- [EXERCISE DESCRIPTION]: Repeat the listing exactly. The images do not belong in the copy.

- [DATA SECTION]:

Content starts

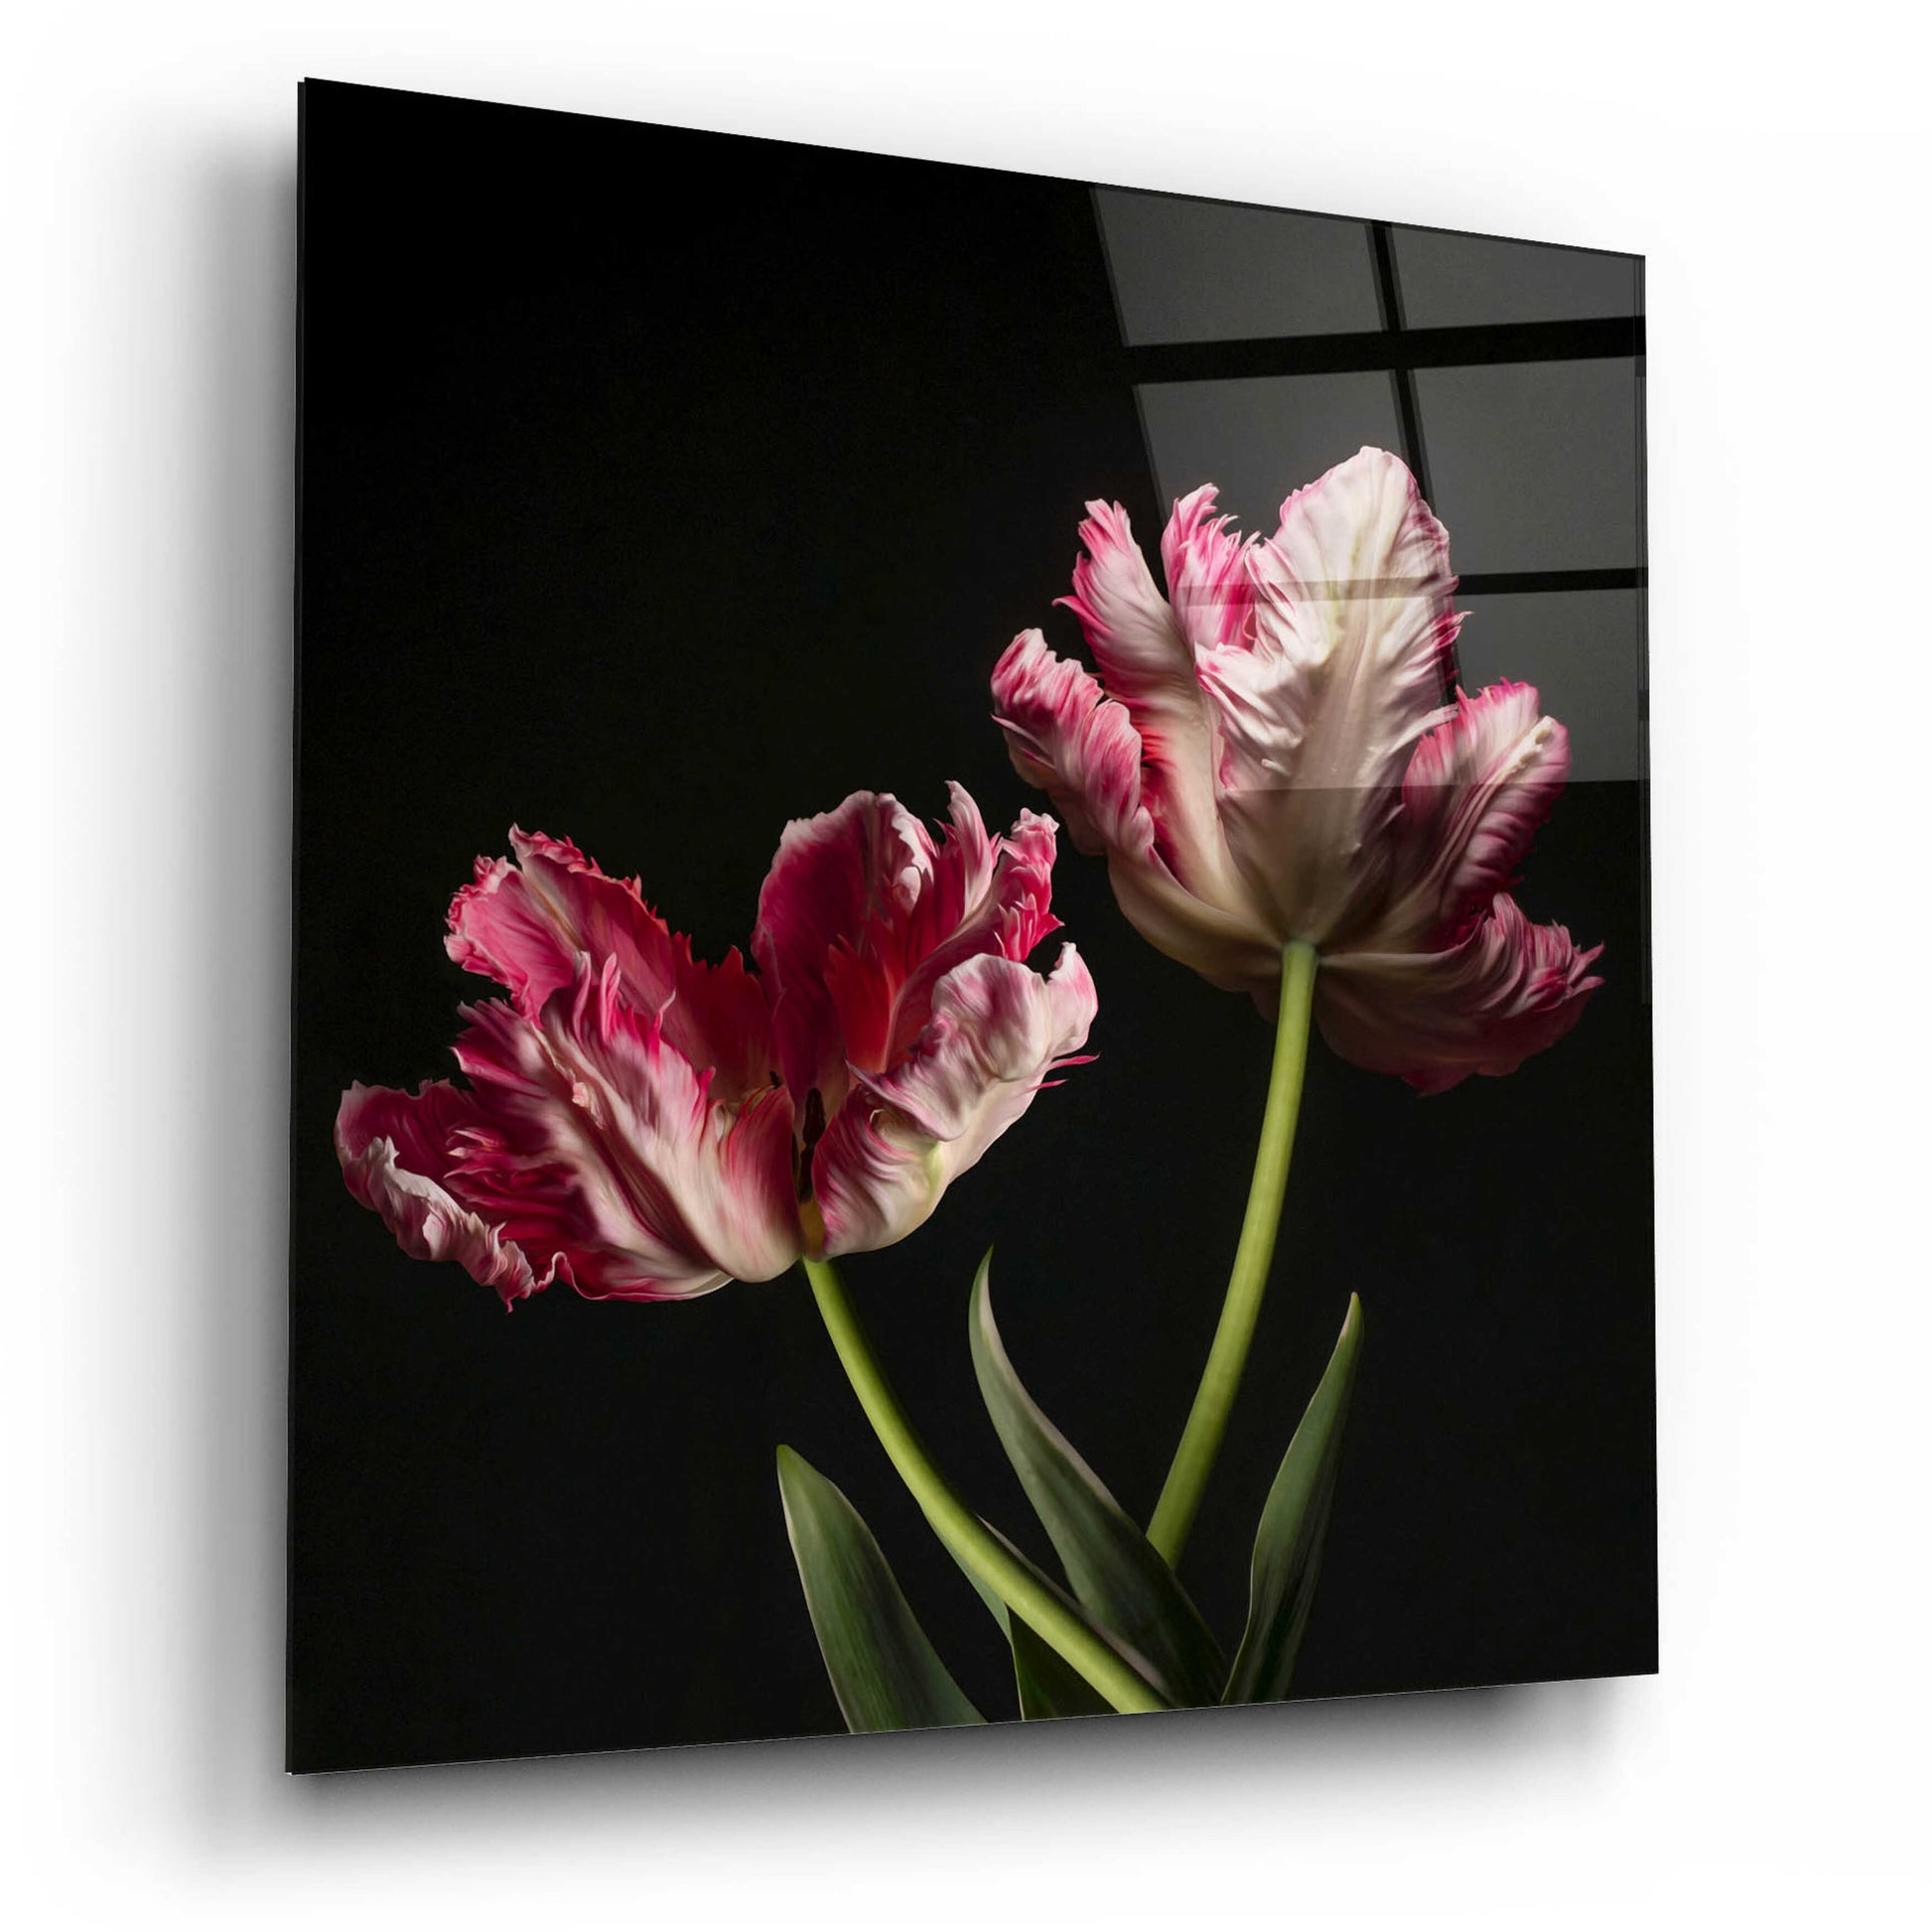 Epic Art 'Open Bloomed Tulips' by Leah McLean, Acrylic Glass Wall Art,12x12
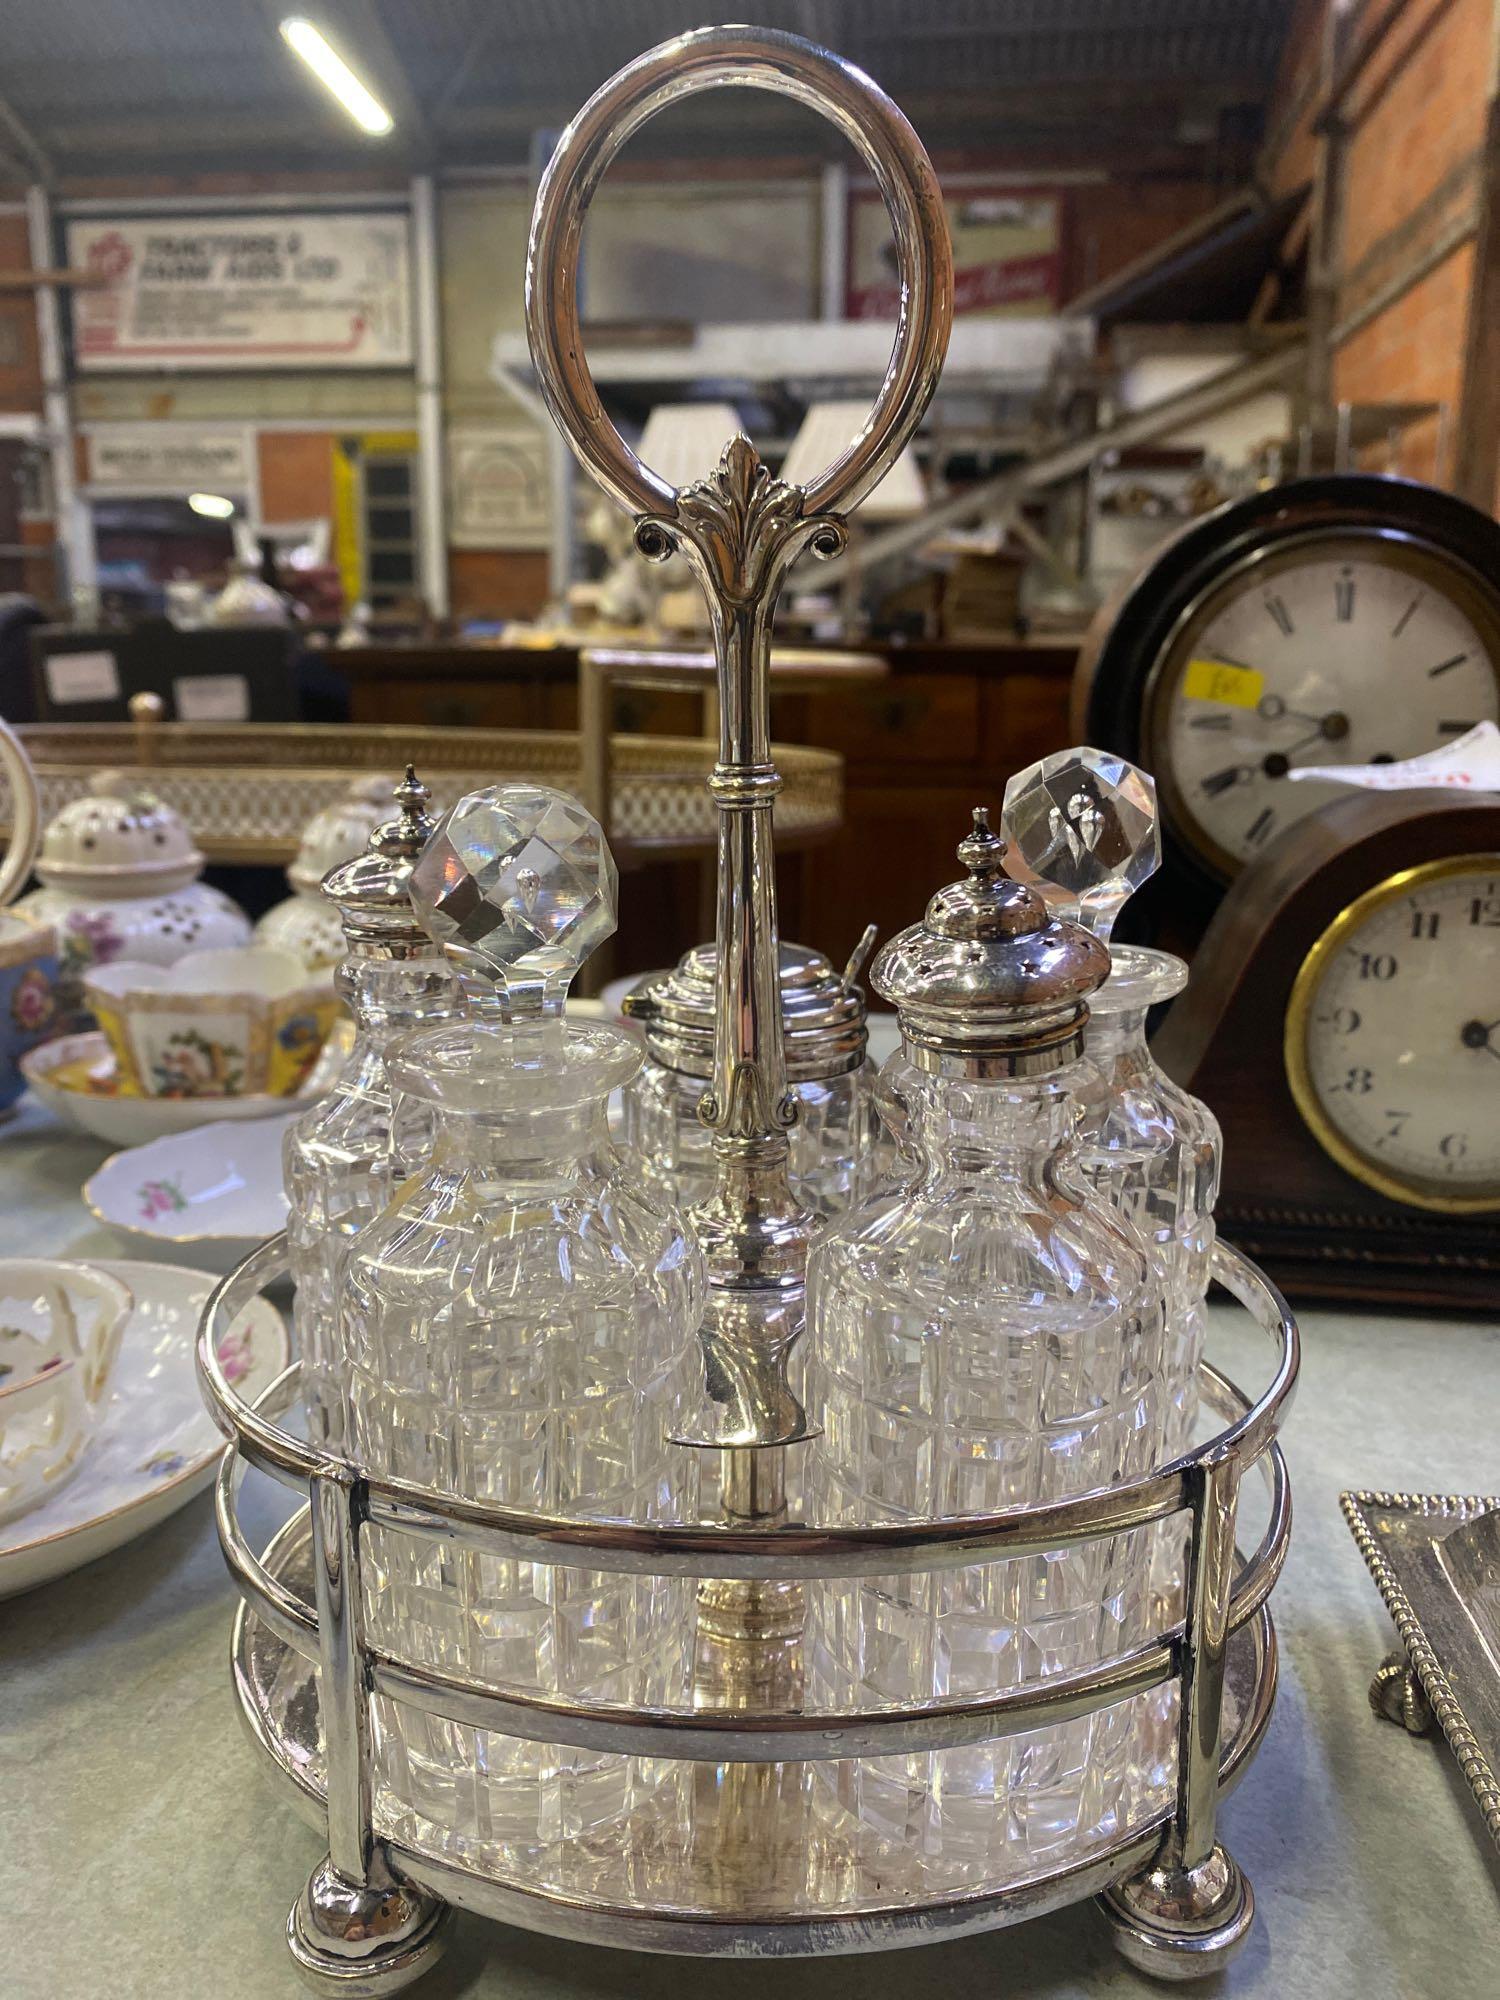 Three silverplate cruets and a silverplate egg stand - Image 3 of 6
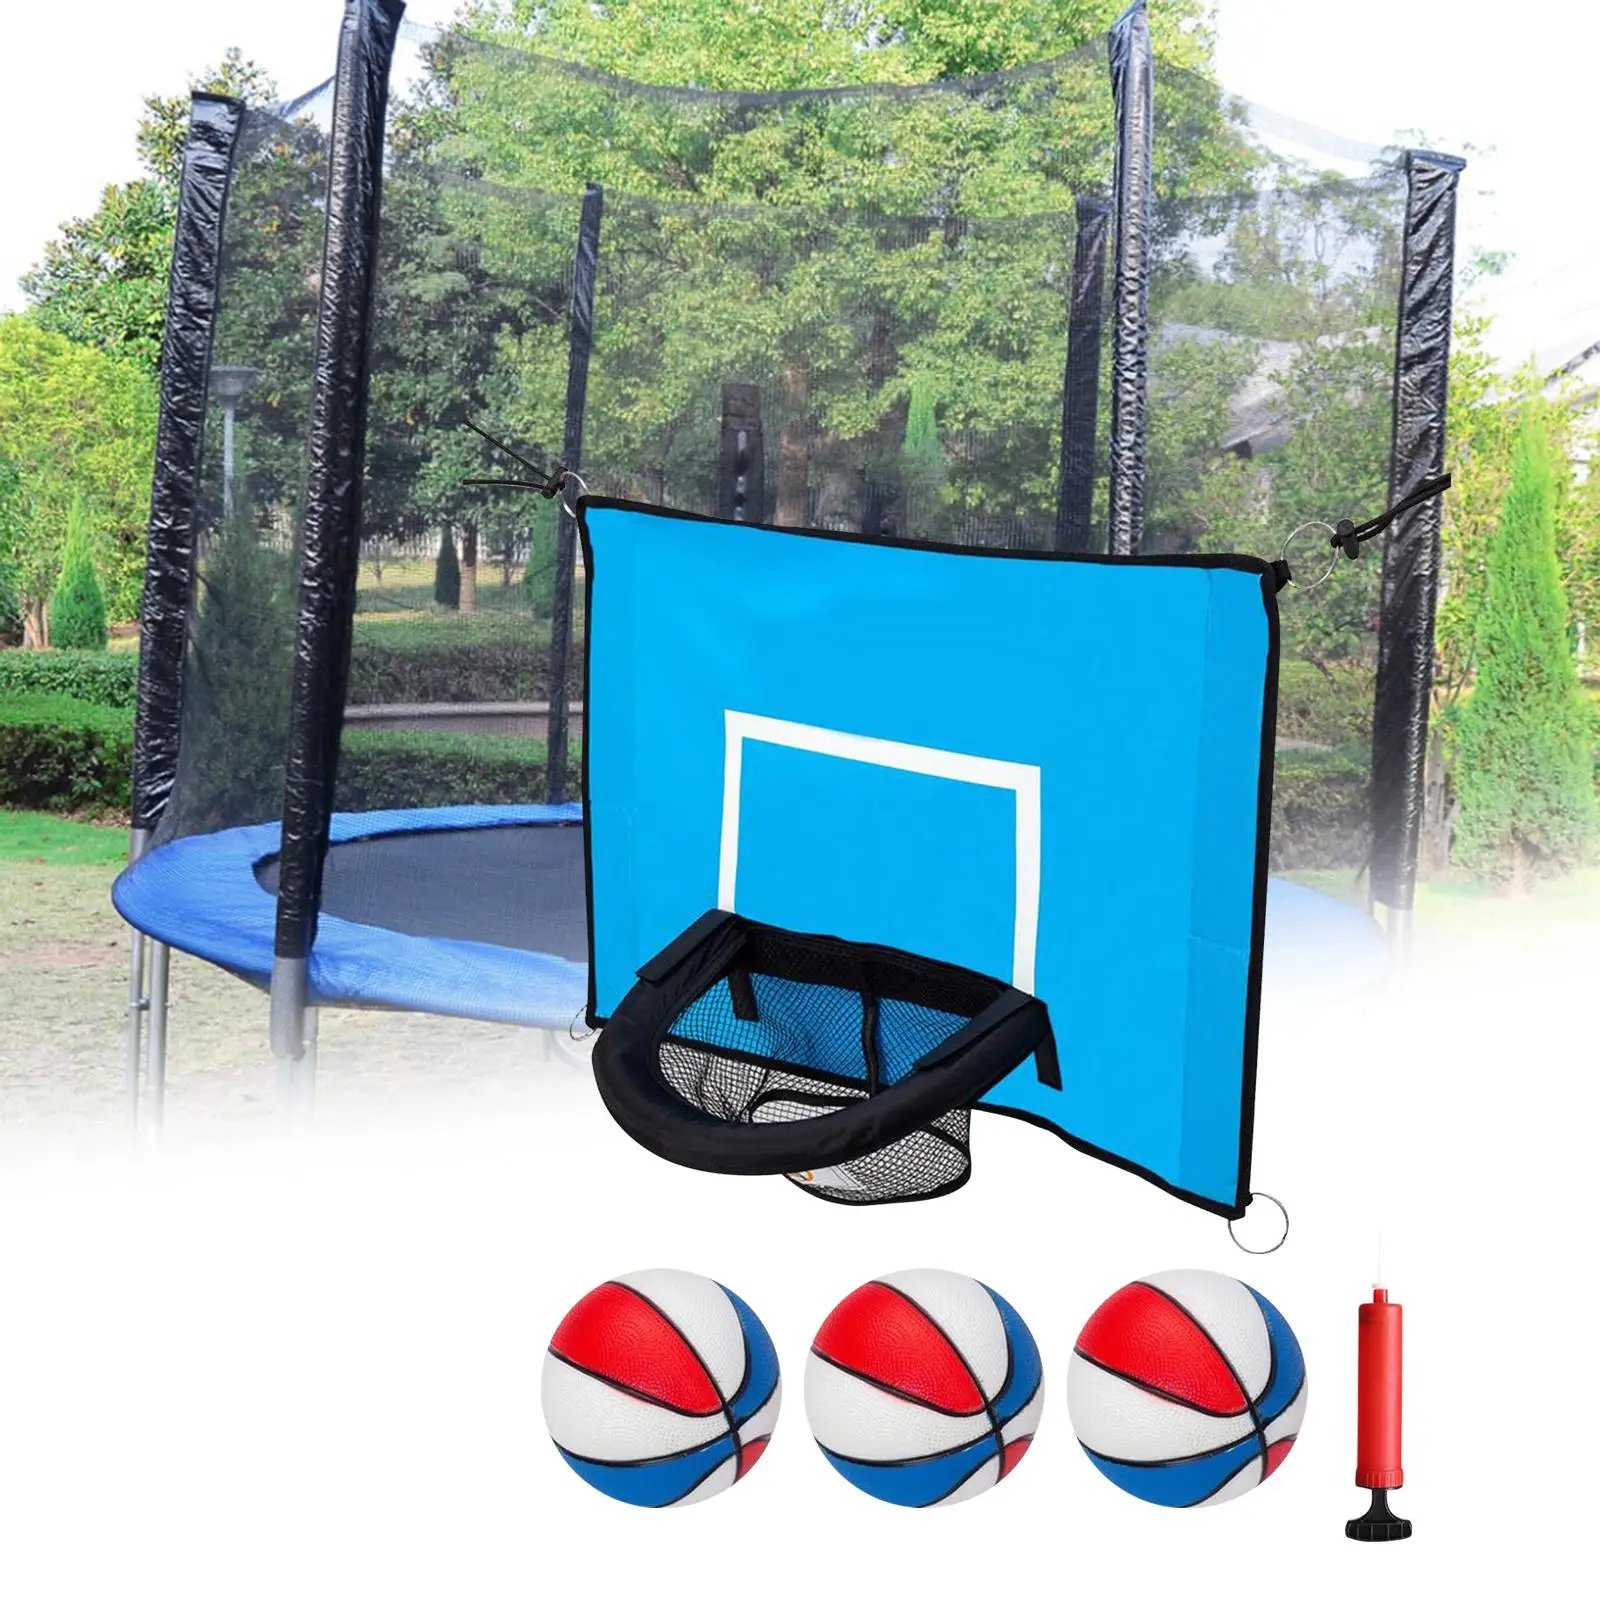 Basketball Hoop for Trampoline Basketball Frame Replacement Boys Girls Toy Easy to Assembled Garden for Dunking Universal

Content ends

- [FINISHED TASK]:
 Epic Art 'Open Bloomed Tulips' by Leah McLean, Acrylic Glass Wall Art,12x12
 Three silverplate cruets and a silverplate egg stand - Image 3 of 6
 Basketball Hoop for Trampoline Basketball Frame Replacement Boys Girls Toy Easy to Assembled Garden for Dunking Universal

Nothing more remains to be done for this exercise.